CAIRO: Egypt released video footage Wednesday of the latest tourists rescued from a boat that capsized off the country’s Red Sea coast, where at least four people lost their lives.
Seven people remain missing more than two days after the “Sea Story” was struck by a wave and overturned in the middle of the night.
The vessel had set off Sunday from Port Ghalib, near Marsa Alam in the southeast, on a multi-day diving trip with 31 tourists — mostly Europeans, along with Chinese and US nationals — and a 13-member crew.
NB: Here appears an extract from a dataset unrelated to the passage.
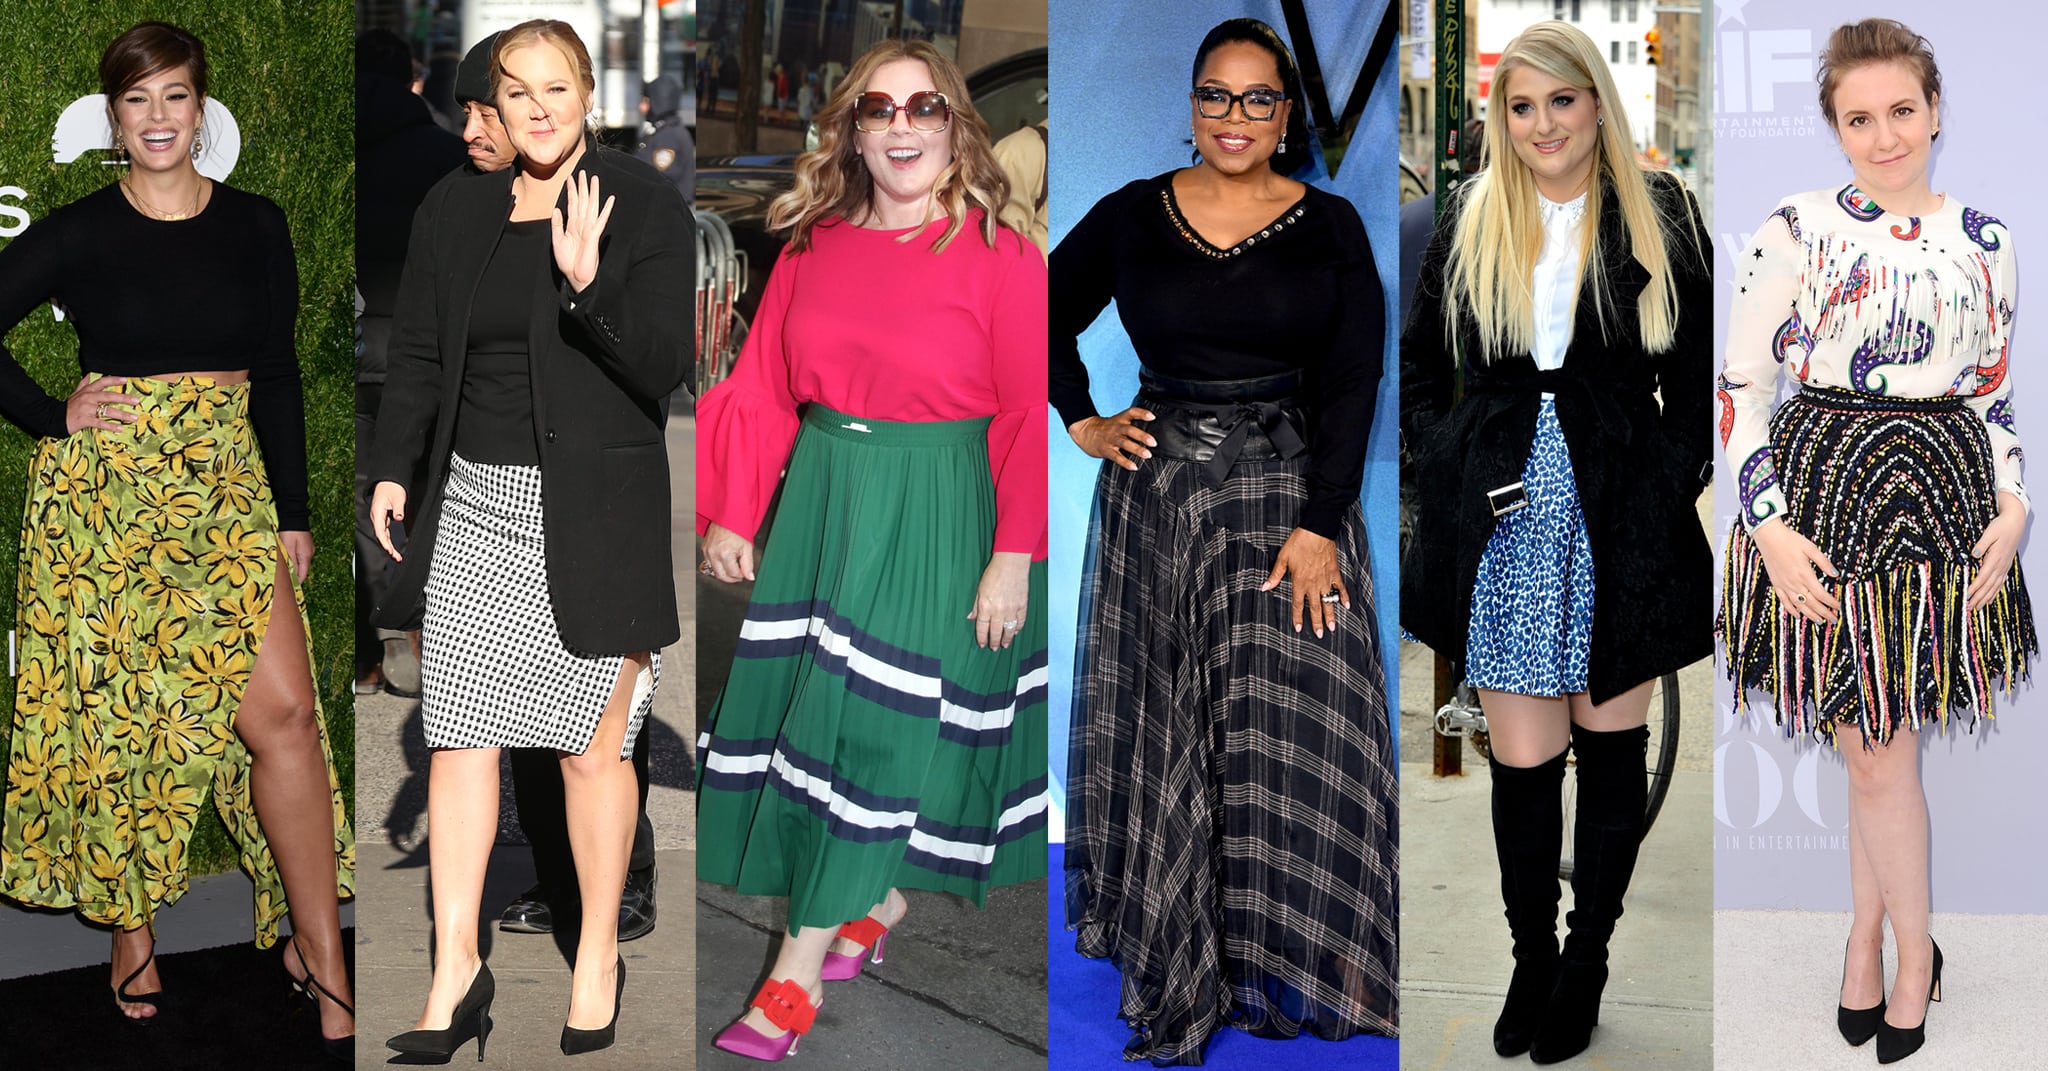 Plus-size celebrities Ashley Graham, Amy Schumer, Melissa McCarthy, Oprah Winfrey, Meghan Trainor, and Lena Dunham in skirts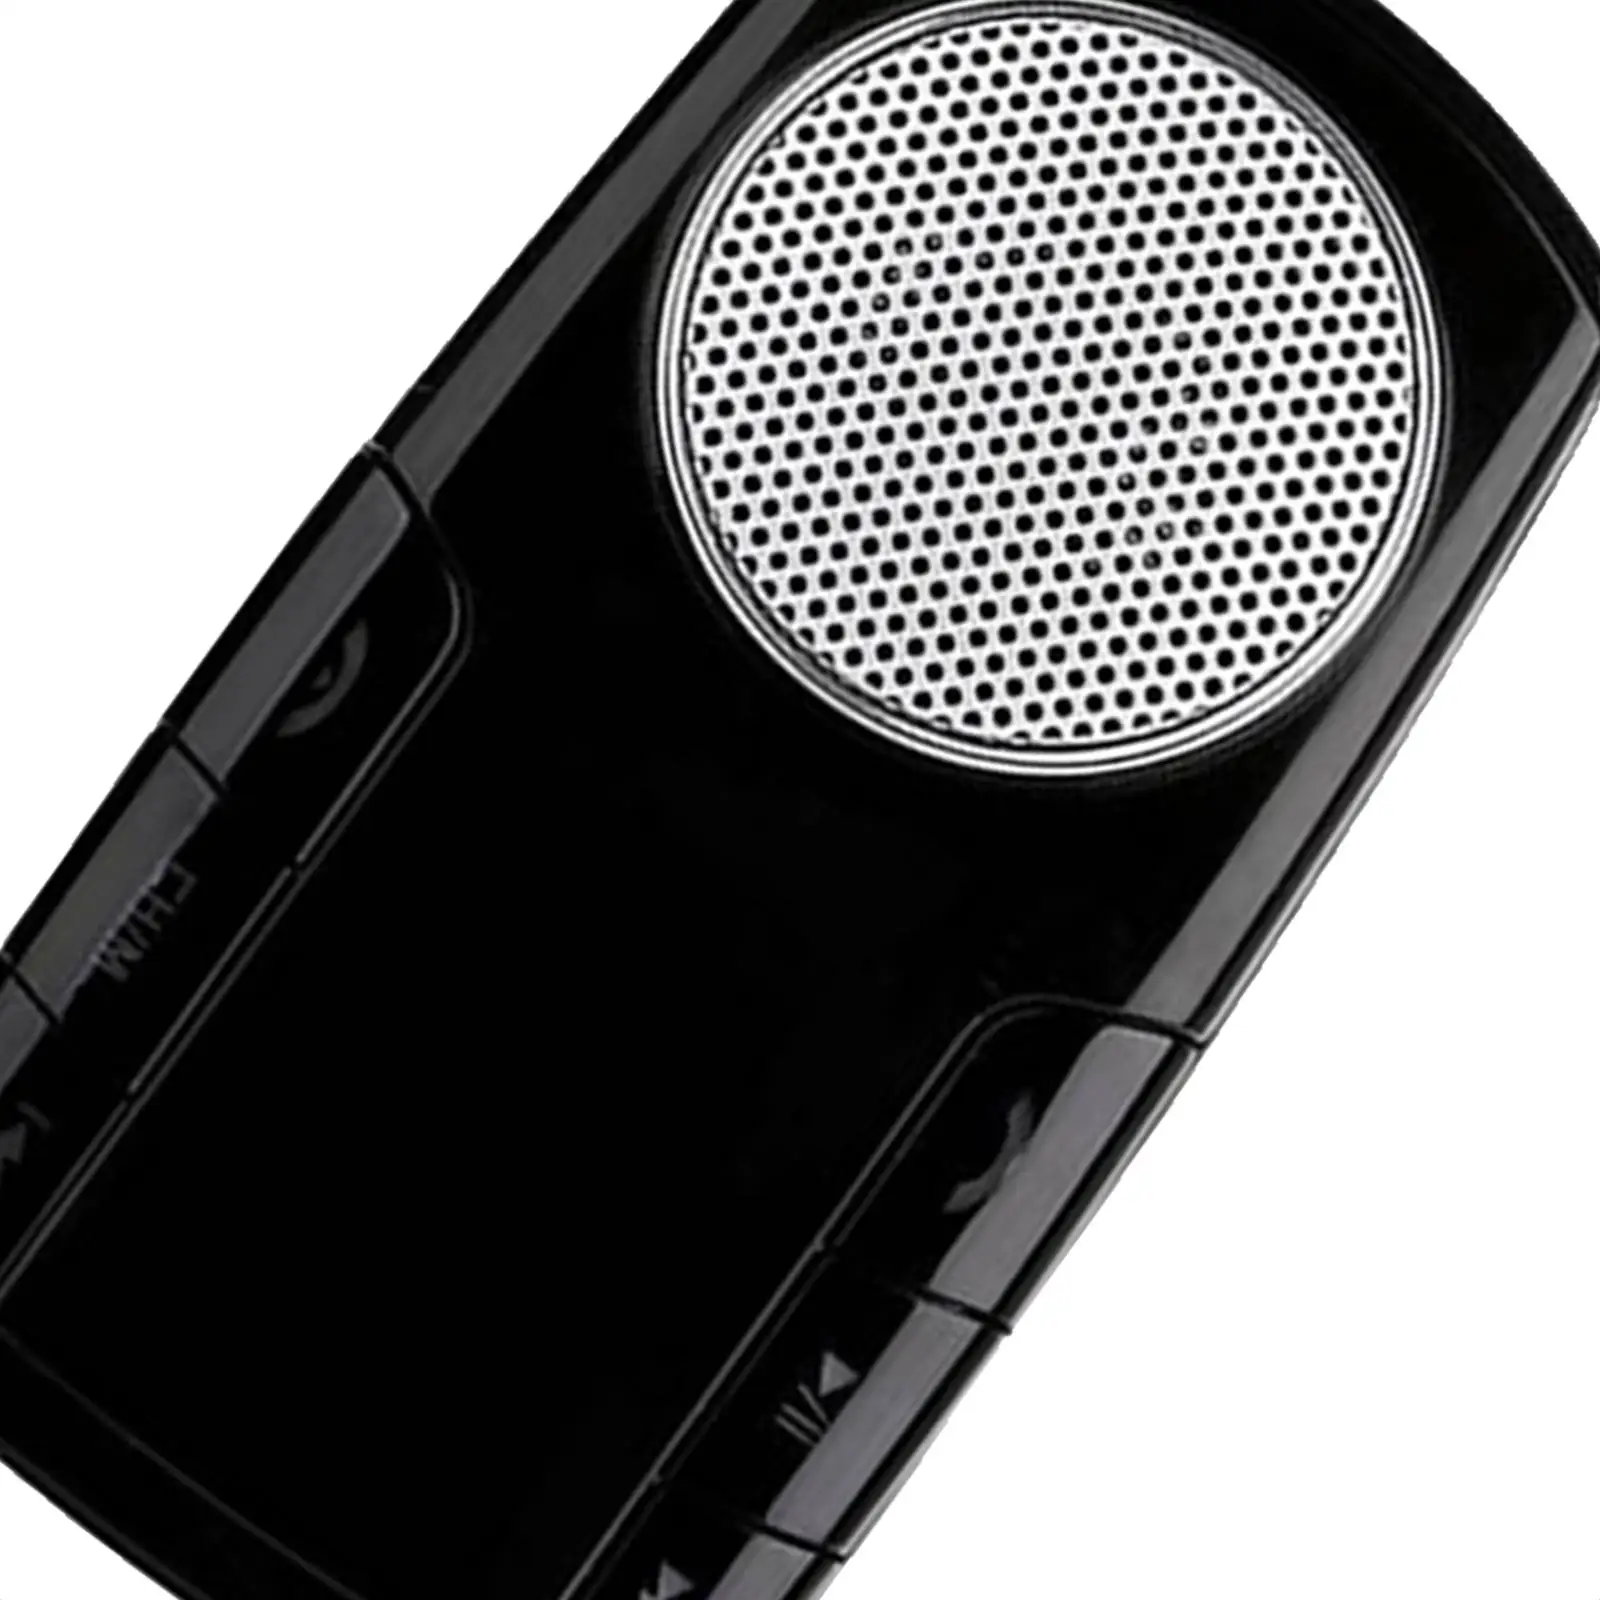 FM Car MP3 Player Speakerphone Support/Card USB Port

Thirty-three were rescued, including tourists seen in the video stepping off a speedboat, draped in blankets, at a marina near Marsa Alam.
“We were shaking with cold,” one unidentified man said in the footage.
The tourists who appeared in the video had spent at least 24 hours inside a cabin of the overturned vessel before rescuers found them Tuesday morning, according to a government source close to the rescue operations.

A military-led team on Tuesday rescued two Belgians, one Swiss national, one Finnish tourist and one Egyptian, authorities said.
Two survivors — one identified by authorities on camera as an Egyptian — were rolled out on stretchers, one of them conscious and speaking.
A Belgian tourist sobbed when she was greeted by an Egyptian general.
Red Sea governor Amr Hanafi said the boat capsized “suddenly and quickly within five-seven minutes” after being struck by a strong wave in the middle of the night, leaving some passengers unable to escape their cabins.
The Sea Story had been due to dock on Friday at the tourist resort of Hurghada, about 200 kilometers (124 miles) north of Marsa Alam.
Authorities in Egypt have said the vessel was fully licensed and had passed all inspection checks. A preliminary investigation showed no technical fault.
There were at least two similar boat accidents in the Marsa Alam area earlier this year. There were no fatalities.
The Red Sea coast is a major tourist destination in Egypt.
Dozens of dive boats crisscross between Red Sea coral reefs and islands off Egypt’s eastern coast every day, where safety regulations are robust but unevenly enforced.